Audrey Fraizer The voicemail says a lot about Michelle Funk, at least in the way Pam Funk describes her oldest daughter.

Michelle sounds spunky and somewhat hurried, as if she’s encouraging you to move on much like she did from an accident that nearly, and in its severity should have, claimed her life.

She wouldn’t let it, said Pam. “She was born with a spirit that was going to survive.”

It was 31 years ago, on June 10, 1986. Michelle and her brother were throwing pebbles into the creek that cuts through their neighborhood south of Salt Lake City. Pam was sitting in their yard directly across from where they played when, for the briefest moment, she shifted her attention to the baby’s bottle, a few steps away, inside the house.

The next moment she remembers is four-year-old Derek rushing up the lawn. He was scared. His little sister slipped off the bank and into the fast-moving water.

Pam tells the story rapidly from here.

“I ran across the street, thinking here was a chance she was along the bank. I couldn’t see her. I ran back to the house and called 911. Rescue was there in seven minutes. More people kept on coming.

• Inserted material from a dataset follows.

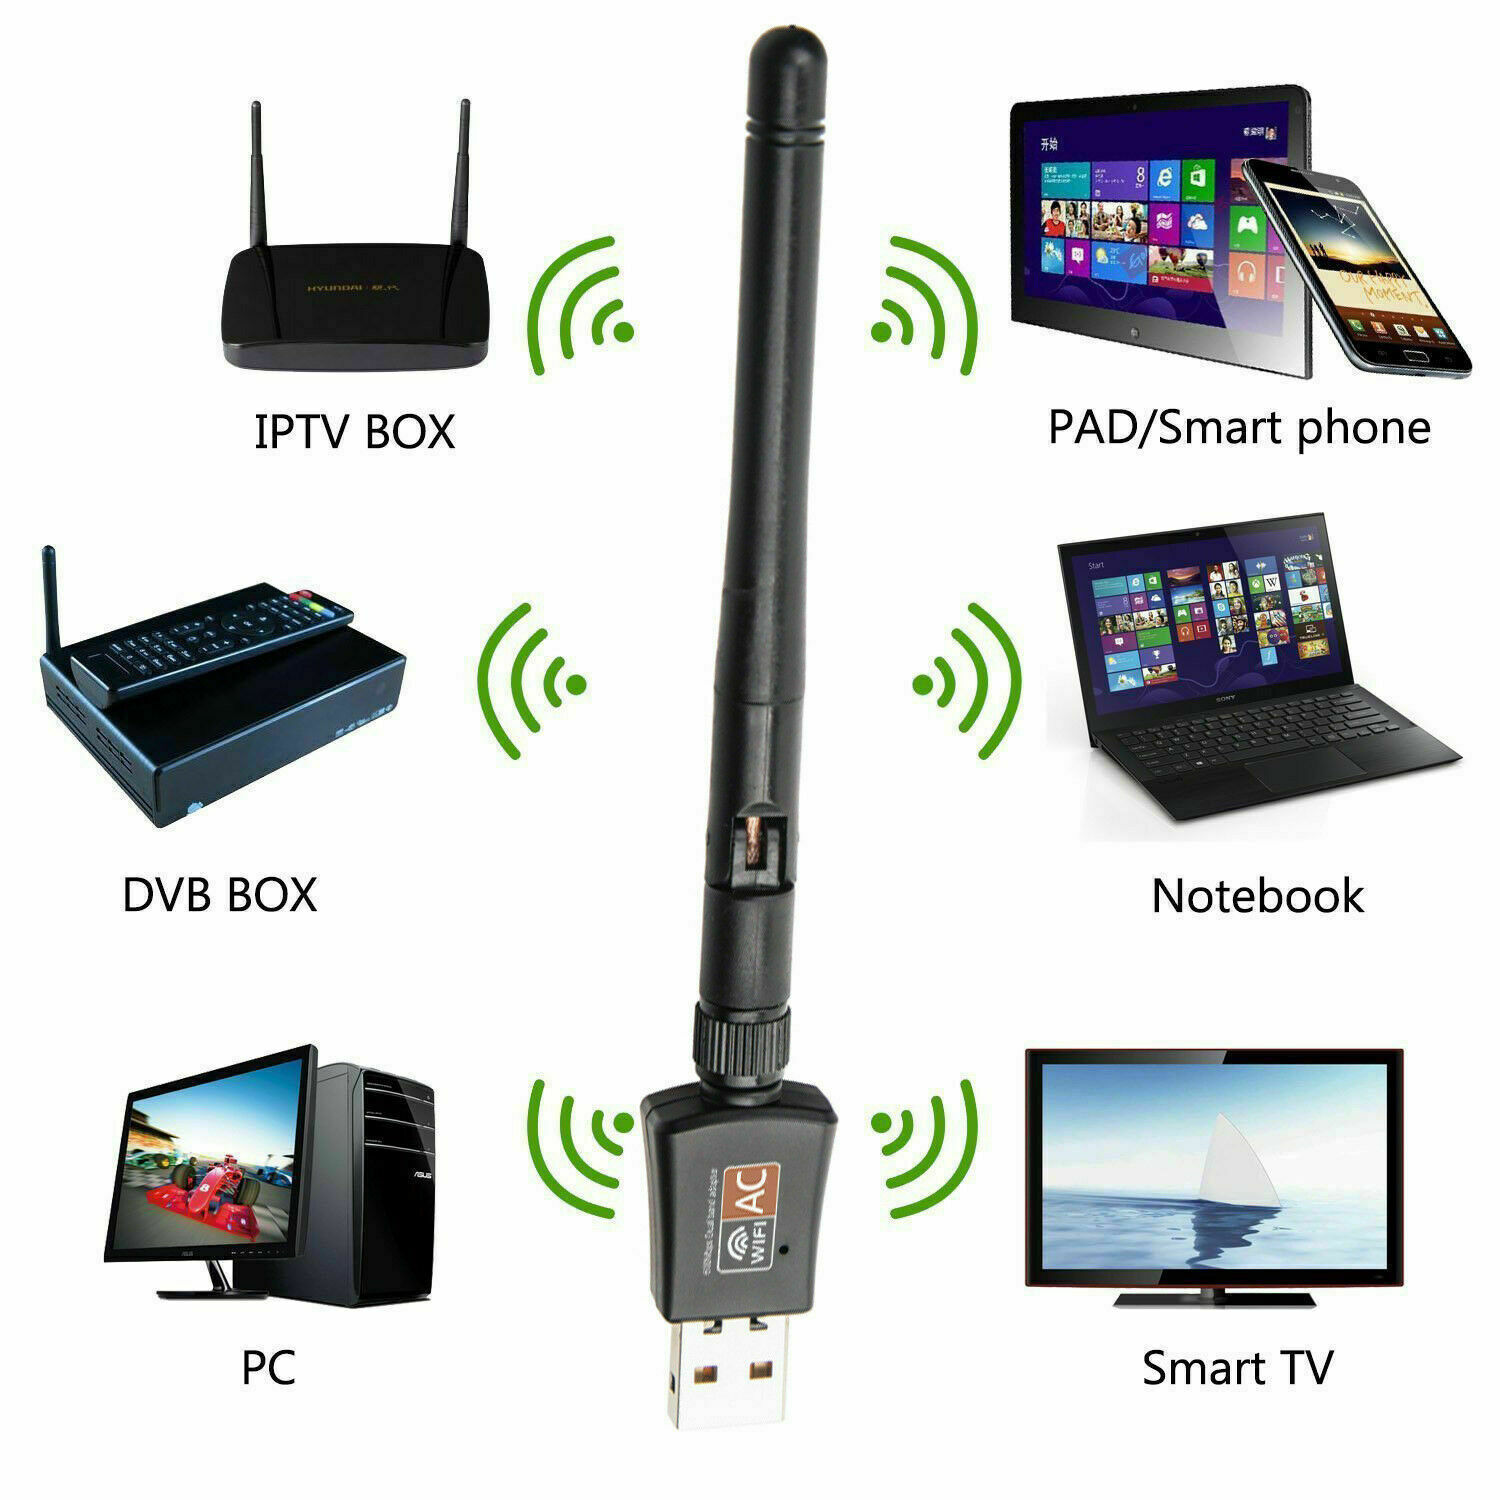 AC600 Mbps Dual Band 2.4/5Ghz Wireless Internet USB WiFi Network Antenna Adapter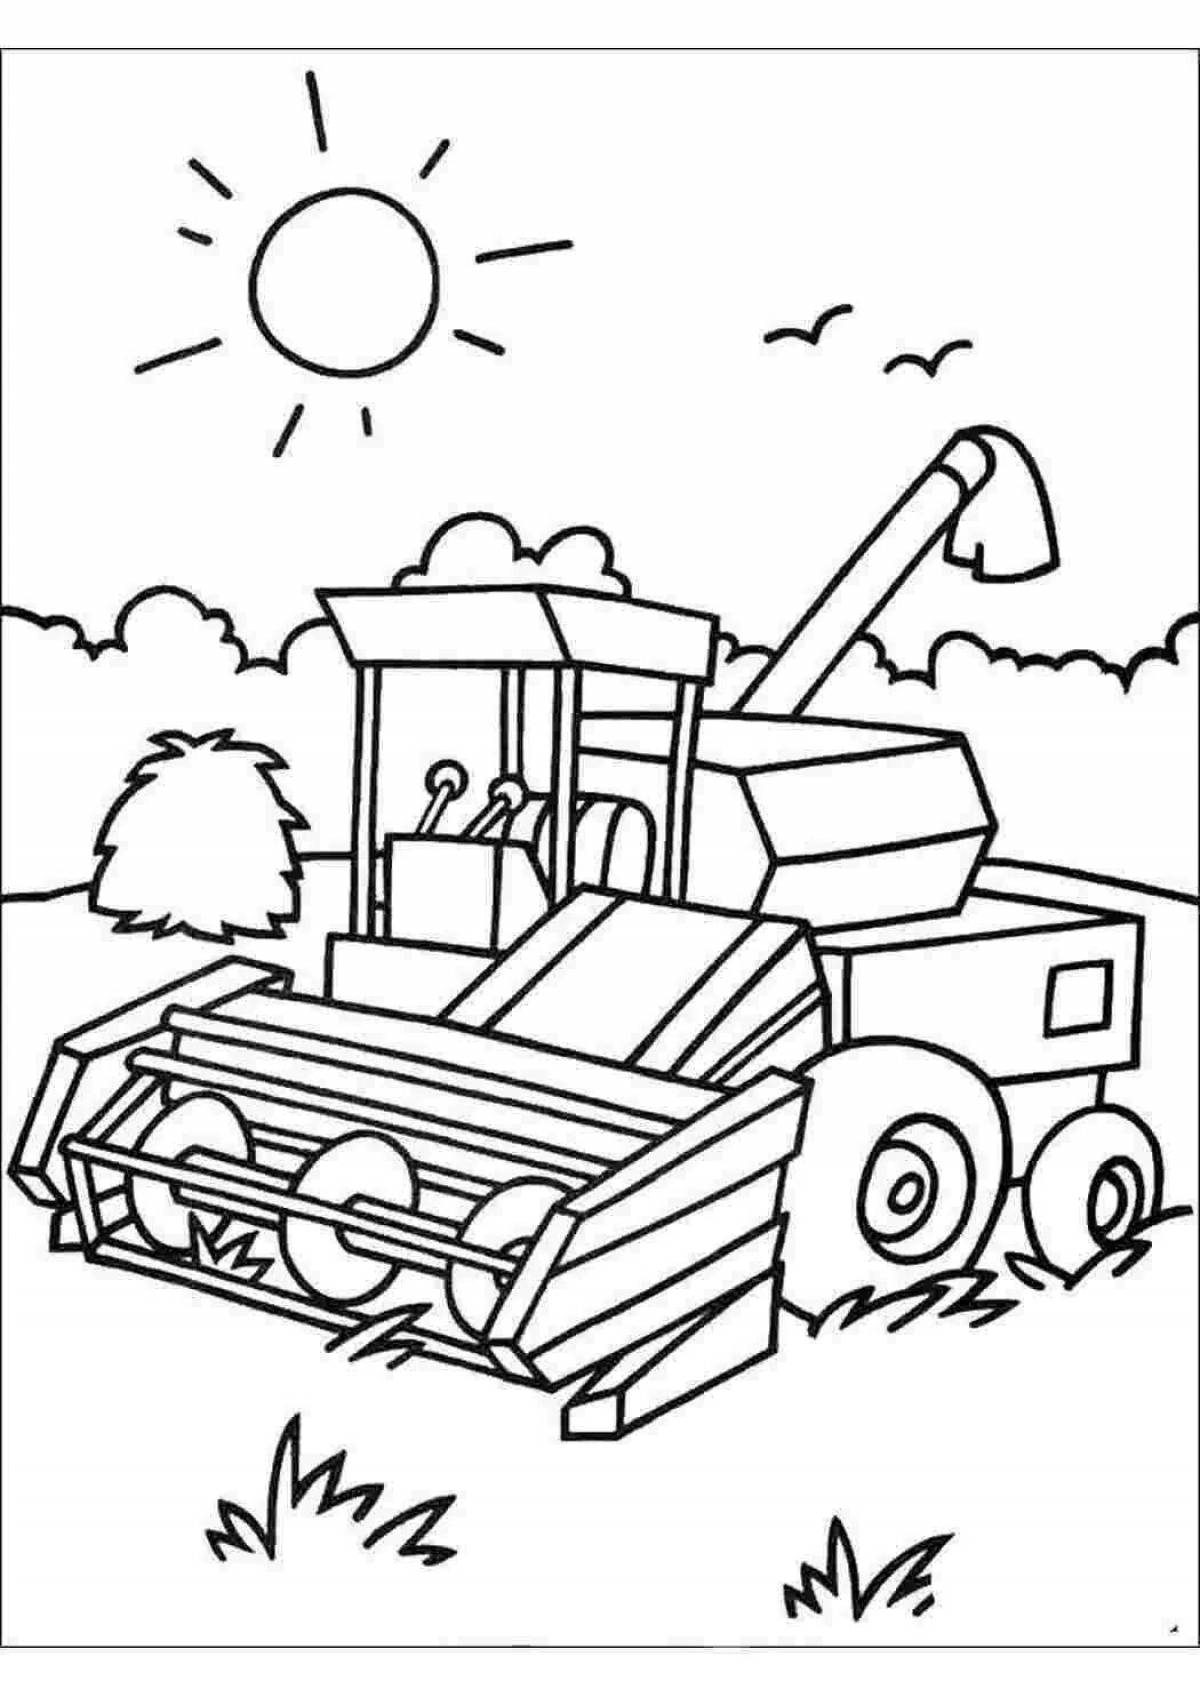 Exciting combine coloring for teens

The whole day was the worst day of my life.”

Bells Canyon creek was turbo charged, running uncharacteristically high and fast from the winter snowmelt, with ice cold water pulsating down a slope of 1,500 feet from a fall four miles up from the neighborhood. Pam called the Bell Canyon Irrigation Company, which at that

time was a one-person gravity flow operation manually controlling water flow through a series of gates.

“The guy in charge wouldn’t close down the flow,” she said. “A neighbor jerry-rigged it to reduce the volume of the water. Search and rescue wouldn’t go in there until the water slowed down.”

With water pressure and level down, search and rescue resumed their grim task. More than an hour had passed when a probe a deputy sheriff was using along the banks nudged a submerged rock. An arm came to the surface. It was that of a little girl’s.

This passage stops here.